The presence of the alpha-beta unsaturated ketone functionality (see note
to the right) suggests the use of an aldol condensation to form the
product.
This would simplify our target to A. In the forward sense,
formation of the enolate of the methyl ketone at the top, subsequent
attack of the ketone in the lower left, and loss of water would result in
the desired molecule.
Remember: when performing retrosynthetic analysis, it is important to
consider the merit of the reactions in the forward sense. In this case,
while one may worry about possible side reactions
(by formation of another enolate), these aldols are in equilibrium, and
the thermodynamic stability of the six-membered ring would
favor the desired product. This step is indeed feasible in the forward
sense.
Examining A, one observes a 1,5 diketone relationship embedded in
the structure. This suggests that a Michael reaction could be used to
form A from B and C. Note: This retrosynthetic step
would be a more sensible choice than the one shown below.

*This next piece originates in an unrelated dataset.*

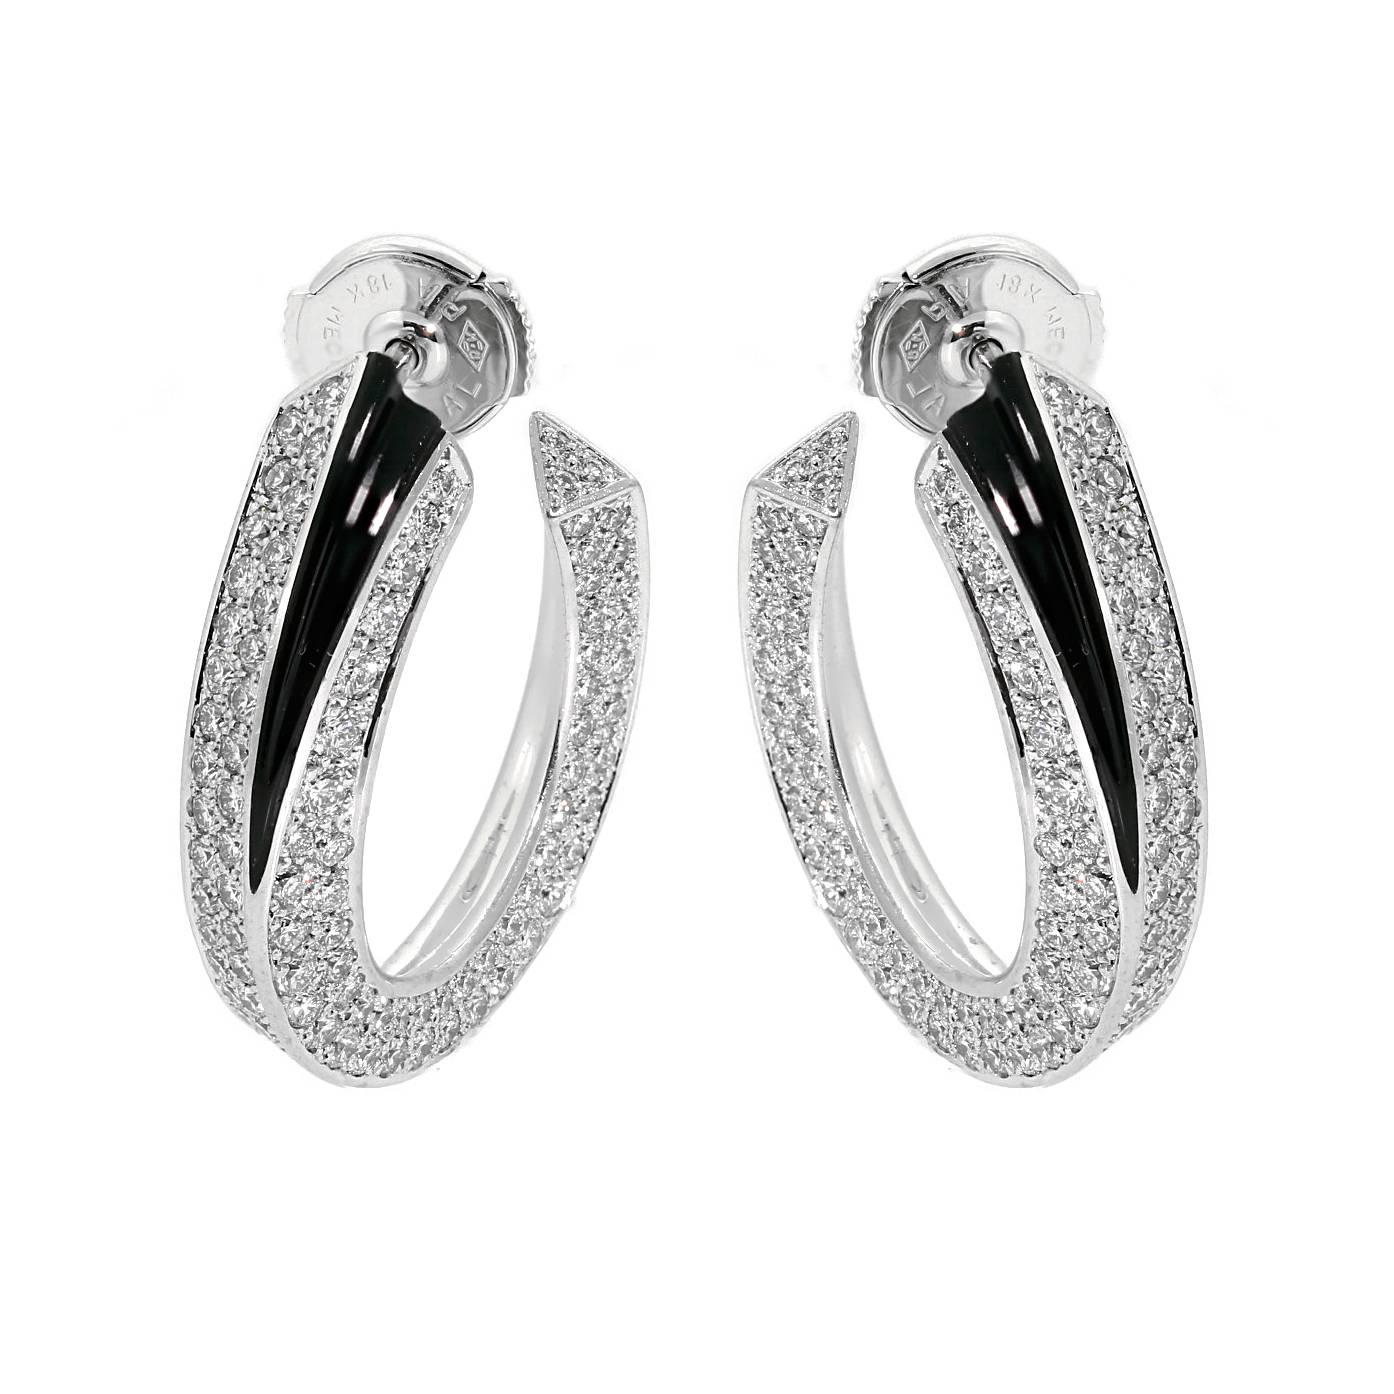 Ein prächtiges Paar Cartier Panthere-Ohrringe, geschmückt mit ca. 5 ct. feinster runder Cartier-Diamanten im Brillantschliff, gefasst in 18 Karat Weißgold.

Ohrring Breite: .25

Why is this? Think about it and then check the answer...
B is a beta keto ester, which calls to mind the Claisen
ester condensation...
...and C is an alpha beta unsaturated ketone which can be easily
formed in an aldol reaction.
Again, remember to consider what is happening in the forward sense. In
this case, this mixed aldol reaction is acceptable since even though there
are two different
aldehydes involved, only one has acidic protons, and only one enolate can
be formed.
I leave the forward synthesis to you. If you have any
problems determining what reaction conditions to use, consult your notes
and Professor Wintner's problems.
Question: The combination of B and C to
form the desired
target of question four in two steps is an example of a special, named
sequence of reactions. What is the name for this Michael addition and
subsequent intramolecular aldol condensation? The answer
can be
found in the solutions to question 6 (near the bottom of the
page).
One last thought on problem 4. If the target was just like the one
given, except without the ester group next to the ketone at the top of
the molecule, the synthetic pathway would be the same, with the added
last step of hydrolysis of the ester and subsequent decarboxylation.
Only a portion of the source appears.